Tuesday, August 16, 2005

August 16, 2005
Tomorrow will be my 1,000th blog. Hard to believe. It actually feels like much longer. Ha. I'll have the stats you need to know.

I forgot to mention that Jeff Hildebrandt and the Westerns Channel also won a Golden Boot and it was great to see Jeff get the recognition he deserves. The director of the show confided to me that their attendance had been on a long, slow slide to oblivion until the Westerns Channel began to run pieces on the awards show. Last year they saw record attendance and this year it was packed also. Producer Rob Word and Michael Emerson are to be credited as well. It's all for charity and they do a ton of work for free. But hey, when you love the West like these guys, it ain't even work, because as the Old Vaqueros were fond of saying:

"It's only work if you'd rather be some place else."
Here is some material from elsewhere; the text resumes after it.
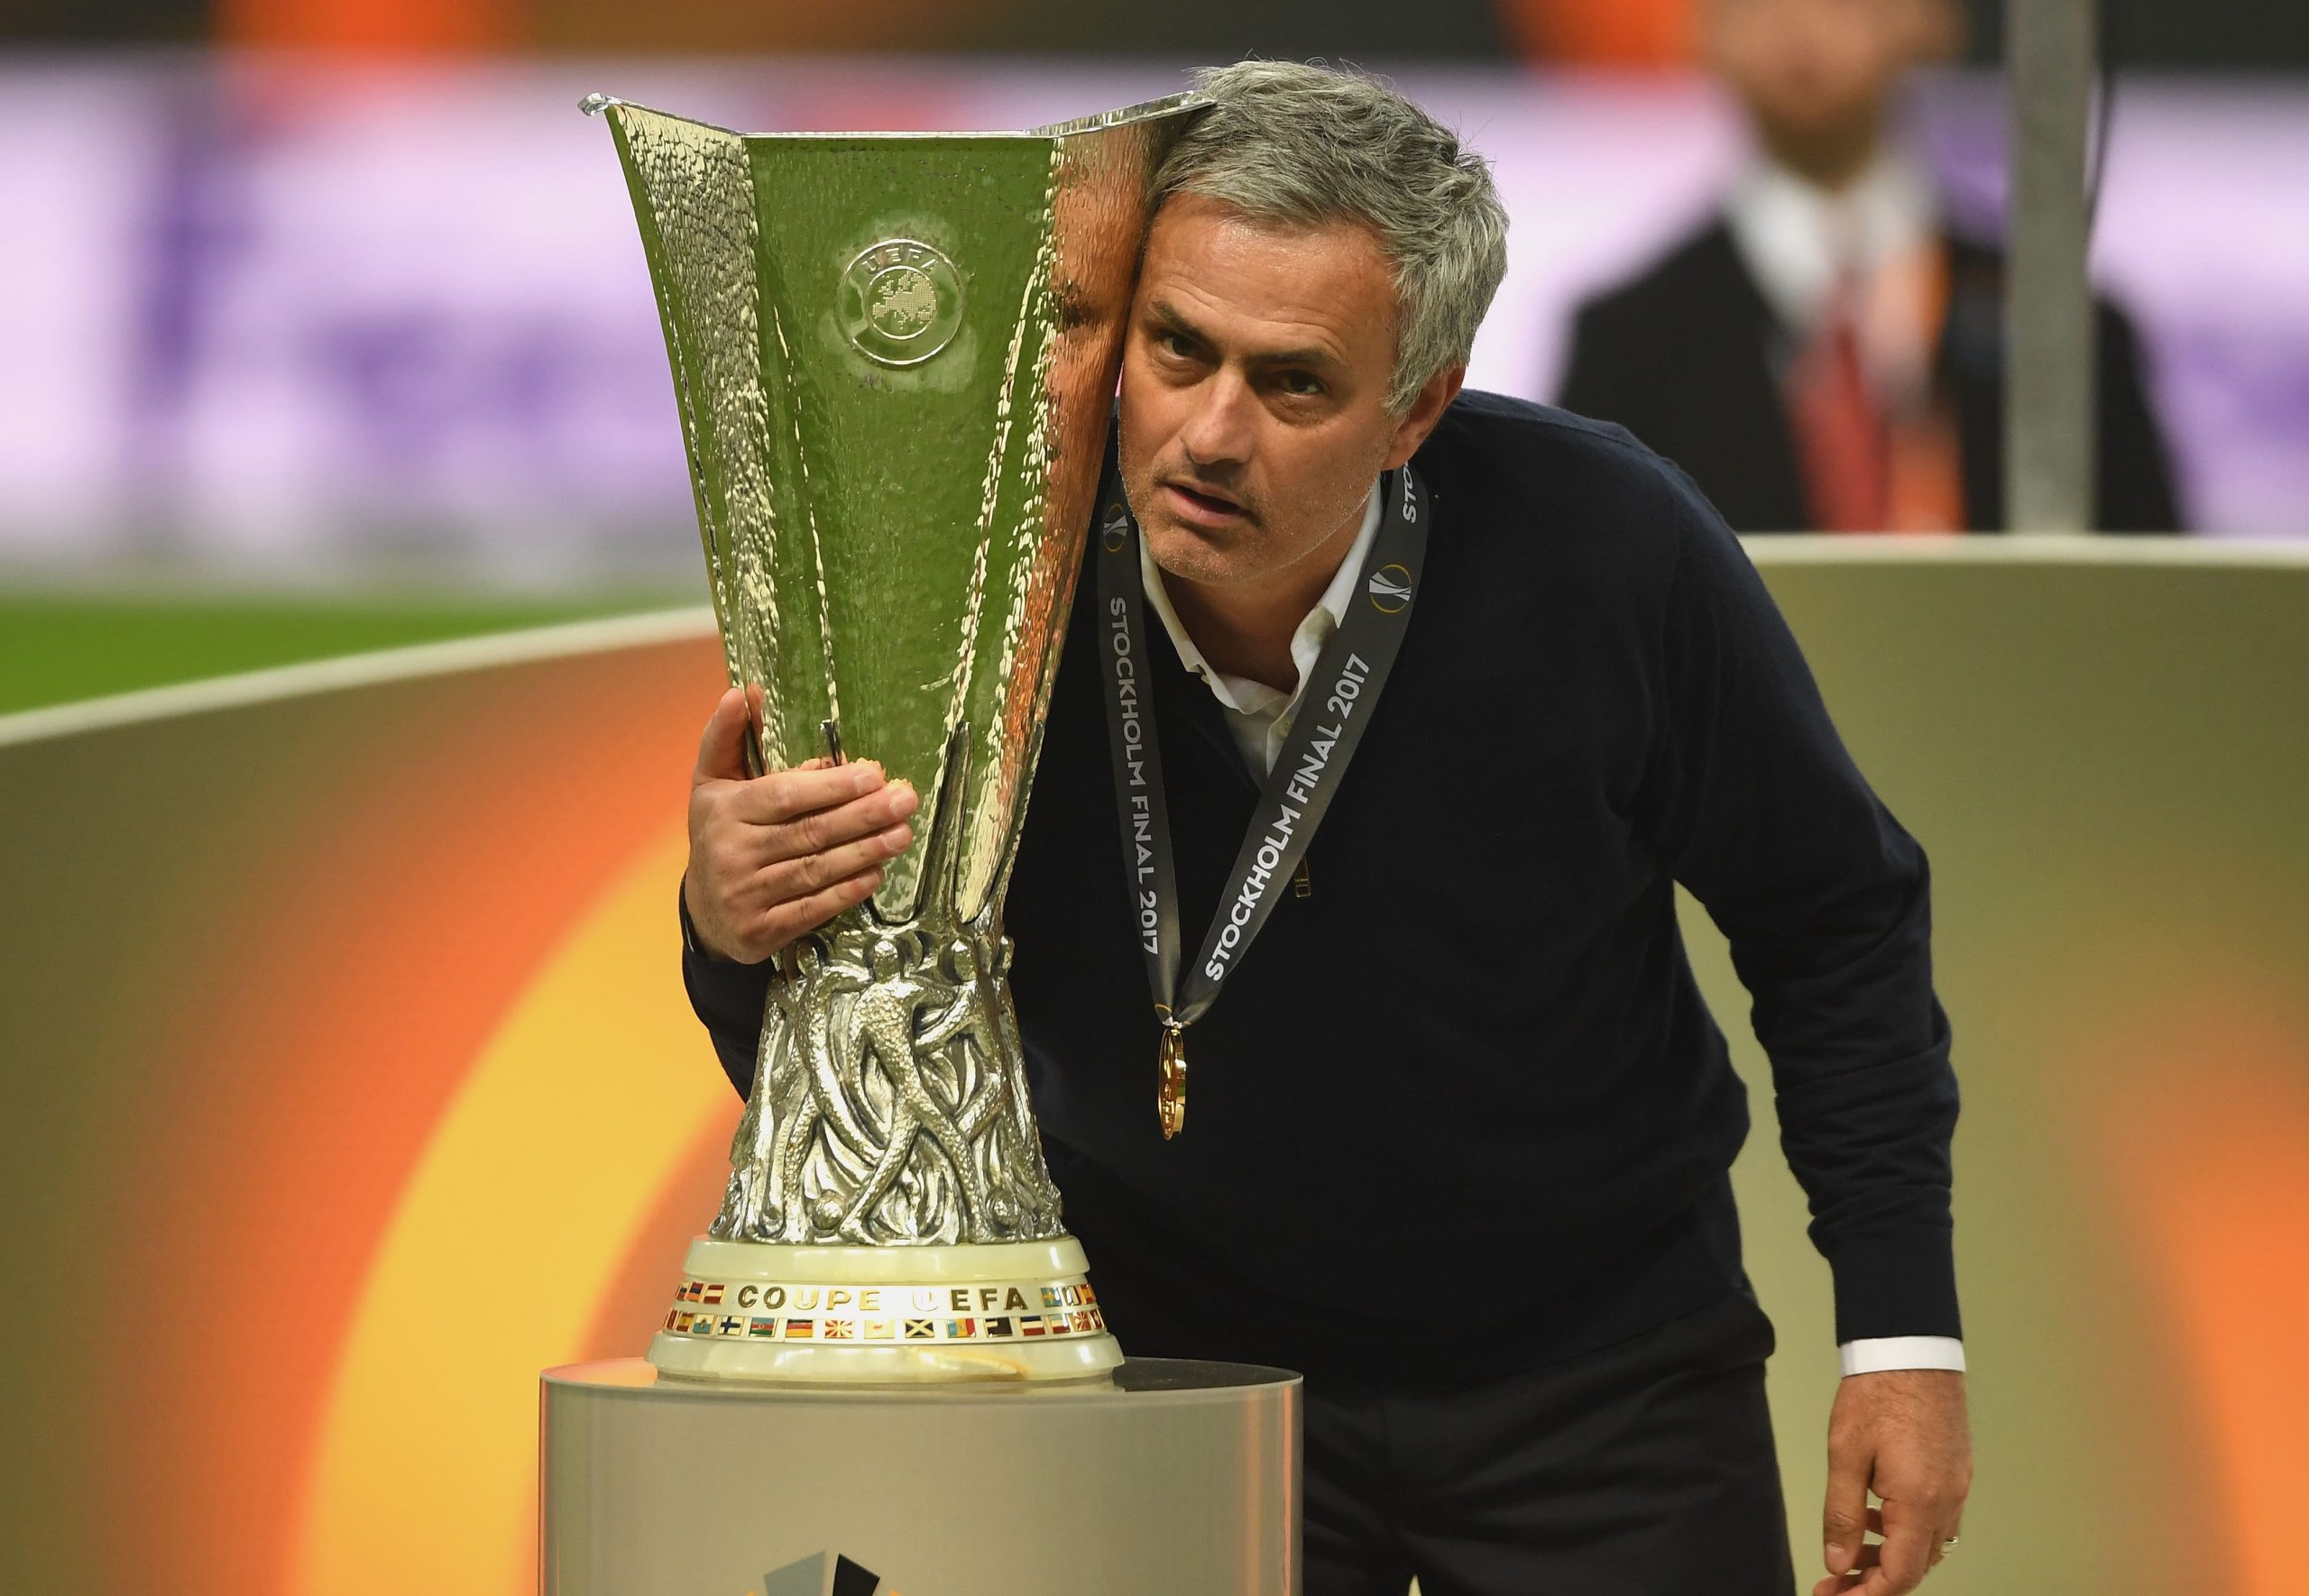 Jose Mourinho won the UEFA Europa League in 2016/17 with Manchester United. (GETTY Images)

On the way home from Hollywood Dave and I stopped at the George S. Patton museum at Desert Center (east of Palm Springs and west of Blyth). For one thing, every trip over, we were tired of looking at those three big pipes coming out of the mountain, just east of there and wondering, "What the hell is that thing?" We wondered the same thing last year, and as Dave pulled off the freeway I said, "Are you tired of driving by here and not knowing?" Dave laughed and we went inside and paid our $8 and found out the skinny.

According to the woman who runs the museum those three big pipes are part of the Southern California water project, which pumps water, out of the Colorado River at Parker Dam, then right through the mountain and into LA. Amazing.

Enjoyed the museum. I love George's line, "I'm not training you men to die for your country. I'm training you so that someone else will die for his country." Now that's profound. I also didn't know that "Old Blodd and Guts" survived a ton of battles but was killed in a traffic accident in Germany several months after the war. All that risk and then Kpow, he gets T-boned by a bad driver? Too ironic and humiliating for my tastes.

"Responsibility is the price of freedom."